Lagos — Fuel scarcity that started over a week ago may linger into this week, findings have revealed.
Nigerians were thrown into uncertainty last weekend, as they struggled to purchase Premium Motor Spirit, PMS or petrol over imported poor product quality in circulation, leading to withdrawal of products from circulation.
The scarcity persisted all through last week, with hope that product distribution would be beefed up this week by the NNPC.
However, according to findings, the situation may persist, as transporters of petrol, said the nationwide scarcity of PMS was partly due to the gradual halt in the operations of truck owners.
According to them, many PMS transporters have stopped transporting the commodity, while more will soon park their trucks if the government remains adamant in refusing to increase the freight rate for transporting petrol.
The National President, Nigerian Association of Road Transport Owners, Yusuf Othman, told journalists that the payment of freight for petrol was regulated by the Nigeria Downstream, Midstream Regulatory Authority.
Othman said, “Worse still, these payments are received by transporters in arrears, usually three to five months after the products are delivered.
“In 2020, there was an approval by the defunct board of the Petroleum Products Pricing Regulatory Agency to increase the freight rate by 26 per cent for which the endorsement of the Minister of State for Petroleum Resources was needed for implementation.
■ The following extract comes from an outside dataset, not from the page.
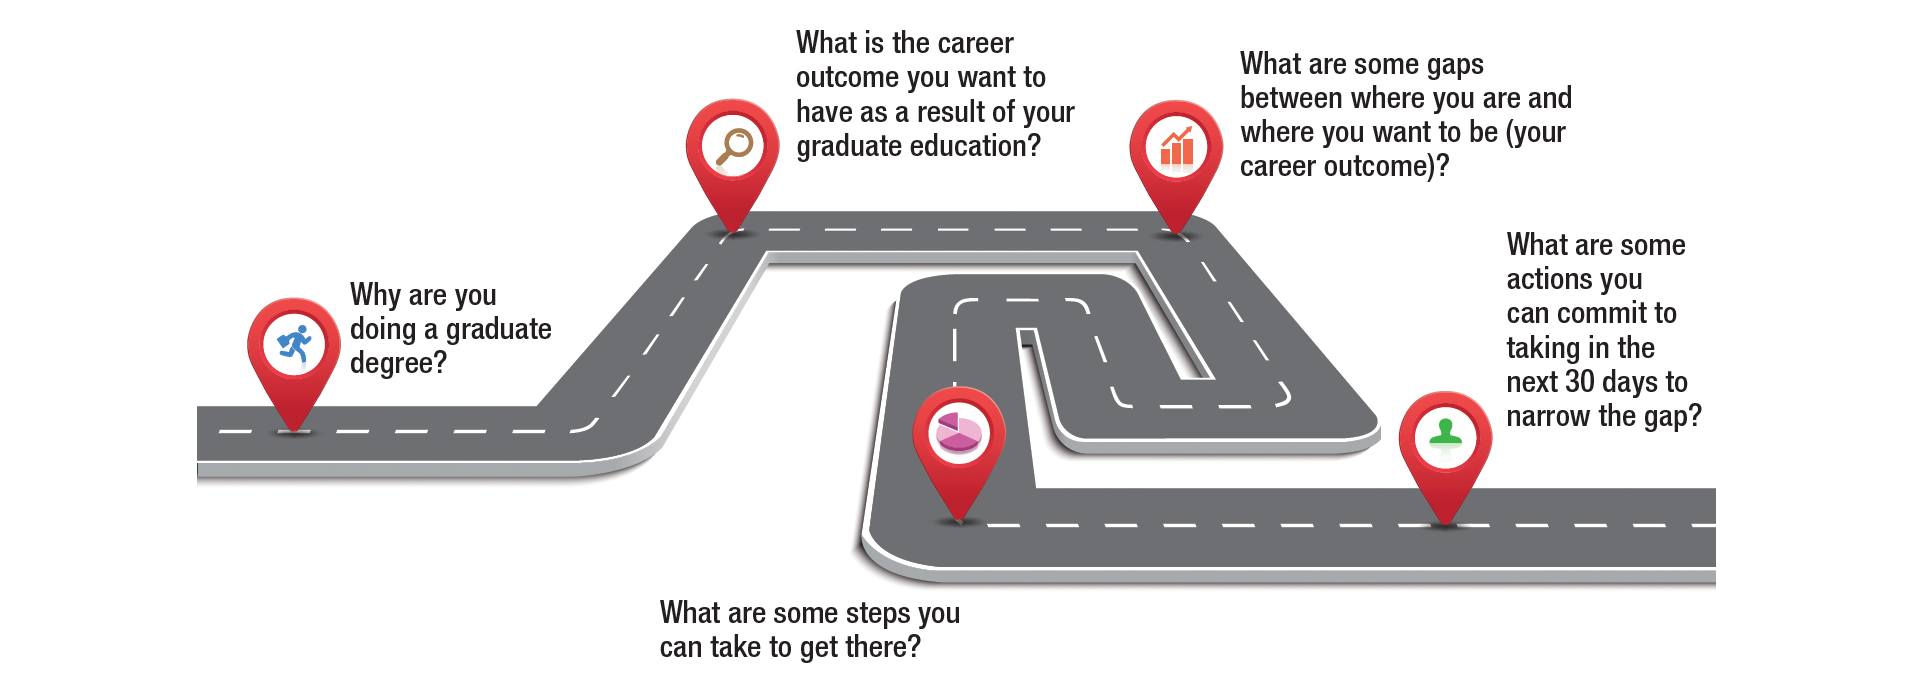 Career Coaching: A New Paradigm for Student-Centered Career Services

“However, the Minister of State could not endorse the approval due to the obvious implication of its implementation that would result into either an outright increase in the pump price of PMS or an increase in the subsidy on the product, neither of which the government was ready to do at the time.”
“This situation generated a lot of tension in the downstream petroleum industry with a strong possibility of industrial action from both NARTO and PTD/NUPENG. To douse this tension, the Group Managing Director of the NNPC intervened,” he said.
He stated that the resolutions reached had not been implemented and that transport owners would not continue in business when running at a loss.
“If the government refuses to comply with our demands, our people are not compelled to run their businesses at a loss,” Othman said.
He added, “The current PMS scarcity is partly caused by a lack of funds to run the trucks profitably.
“Many transporters have decided to park their trucks, and I am sure that many more will park theirs in due course if something drastic about increasing the freight rate is not promptly done.”